Bulk subdomain: send.performancewest.net (2026-06-19)

Why: isolate bulk/cold-campaign sending reputation from the root domain. The root domain carries transactional/verification/receipt mail (via co.carrierone.com relay + the .71 default egress) and must stay clean; cold campaigns are inherently reputation-risky. Industry-standard (SendGrid/Mailchimp/etc.) split.

Customer experience is unchanged: From is the subdomain, but Reply-To stays info@performancewest.net, so replies land in the real inbox and look normal.

Piece Value
Trucking From Performance West <noreply@send.performancewest.net>
Healthcare From Performance West Compliance <compliance@send.performancewest.net>
Reply-To (both) info@performancewest.net
DKIM selector send (send._domainkey.send.performancewest.net), 2048-bit
SPF v=spf1 ip4:207.174.124.94 ip4:207.174.124.107 -all
DMARC inherits root p=reject (explicit _dmarc.send also published)
MX / Return-Path co.carrierone.com (bounces)
Egress IPs .94 (trucking) / .107 (HC) — unchanged

Code: from_email is set in scripts/build_trucking_campaigns.py (FROM_EMAIL, env CAMPAIGN_FROM) and scripts/build_healthcare_campaigns_cron.py (FROM_EMAIL, env HC_CAMPAIGN_FROM). Bounce-watchers (scripts/bounce-watcher.sh, scripts/hc-bounce-watcher.sh) track the new subdomain sender (and keep the legacy root sender so the pre-cutover queue drains).

Infra: OpenDKIM signs both domains — see infra/ansible/roles/mail (opendkim_signing_domains list generates per-domain keys + KeyTable/SigningTable). DNS published on the Hestia master (see DNS automation note below). Verified end-to-end 2026-06-19: a test send signs d=send.performancewest.net; s=send; and egresses out05/.94.

Listmonk global app.from_email was also updated in both DBs as a fallback for any UI/test send that doesn't set From explicitly.

⚠️ The subdomain starts at NEUTRAL reputation (not negative, not warm). It still needs the same warm-up discipline: steady low volume to engaged recipients.

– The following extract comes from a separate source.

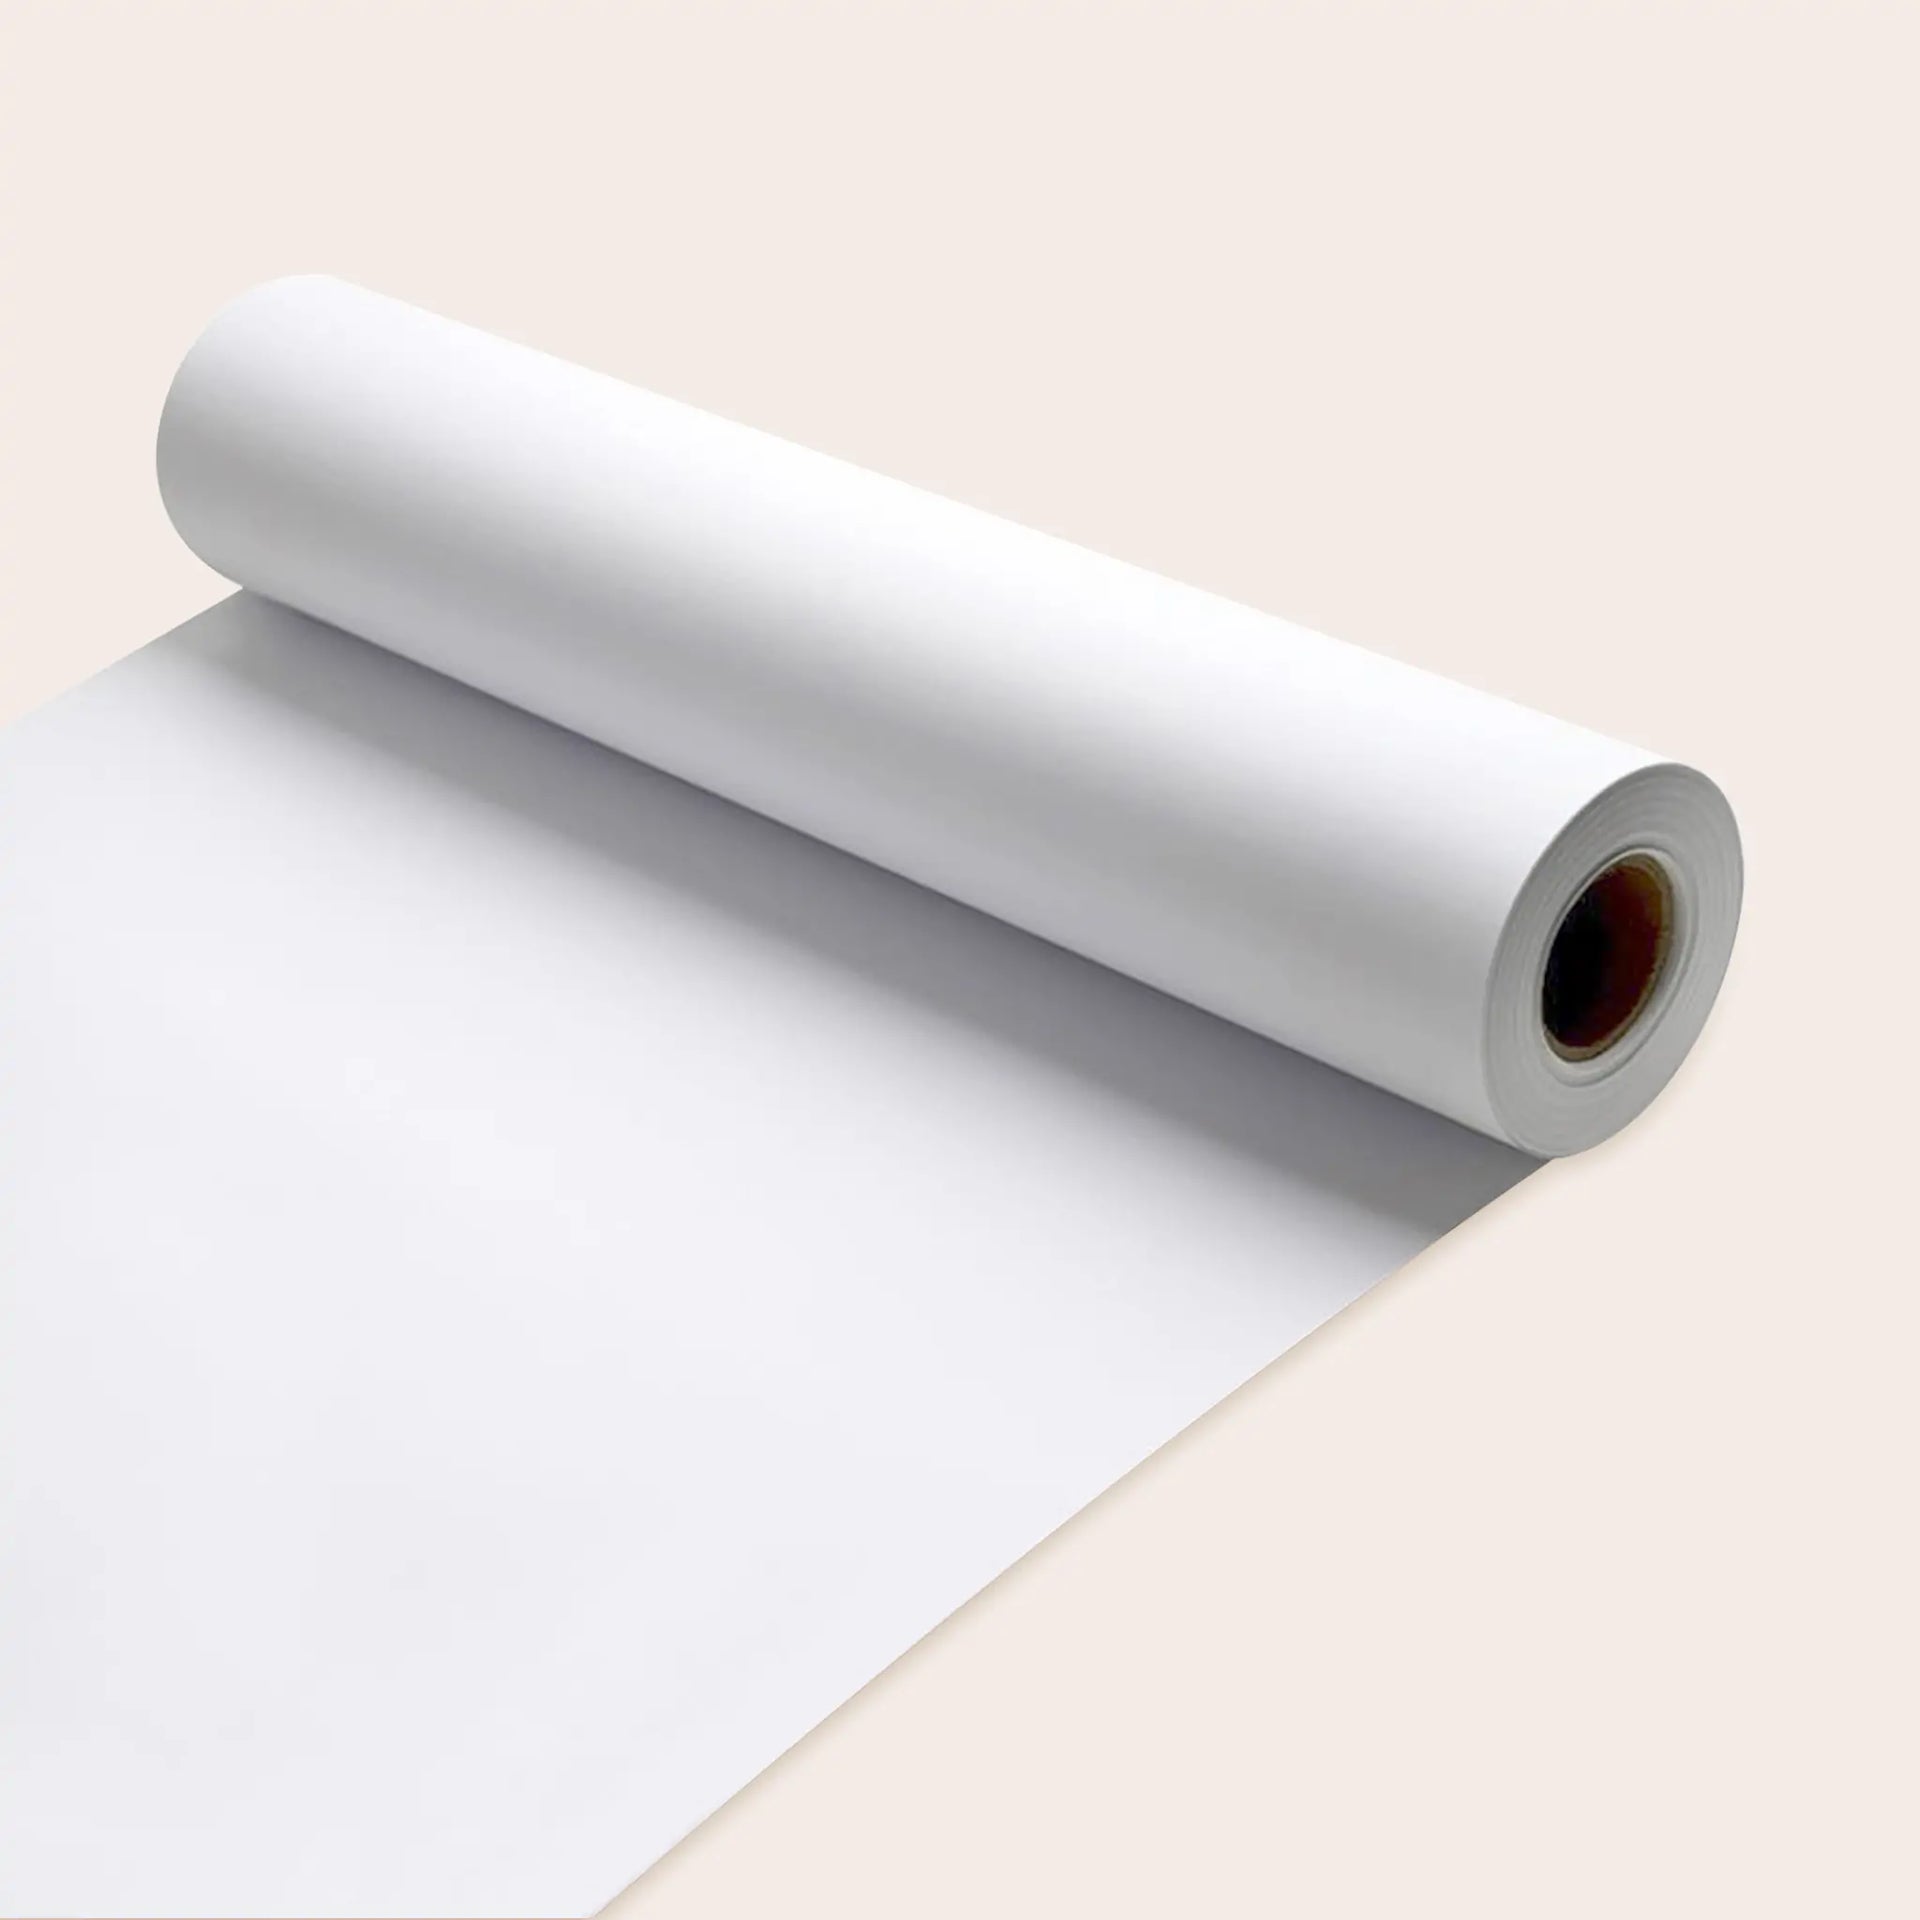 Buy Prang® Art & Easel Paper Roll at S&S Worldwide

It is NOT a magic reset — but it protects the root domain and starts cleaner than the damaged root.


Sending architecture (after 2026-06-18/19 consolidation)

Stream IP PTR / HELO Path
Trucking (listmonk) 207.174.124.94 mta05.performancewest.net listmonk -> :25 -> randmap:{out05:}
Healthcare (listmonk-hc) 207.174.124.107 hcmta01.performancewest.net listmonk-hc SMTP server 1 -> :2526 -> hcout1
Transactional / verification 207.174.124.71 + co.carrierone.com (.15) perfwest default smtp_bind_address (.71) + :587 relay (.15)
Yahoo/AOL trickle 207.174.124.90 mta01 yahooslow transport (hash:transport)
Retired (torched May 30-31) .91 / .92 / .93 mta02-04 rehab02-04 — pw-ip-rehab cron DISABLED 2026-06-19
Dormant (re-expand later) .95-.105, .108-.109 mta06-17, hcmta02-03 disabled

Root SPF (trimmed 2026-06-19): v=spf1 a mx ip4:207.174.124.15 ip4:207.174.124.94 ip4:207.174.124.107 -alla=.71, mx=co.carrierone.com(.15), plus the two bulk IPs. The old 21-IP record was a snowshoe signal; this matches carrierone.com's tight style.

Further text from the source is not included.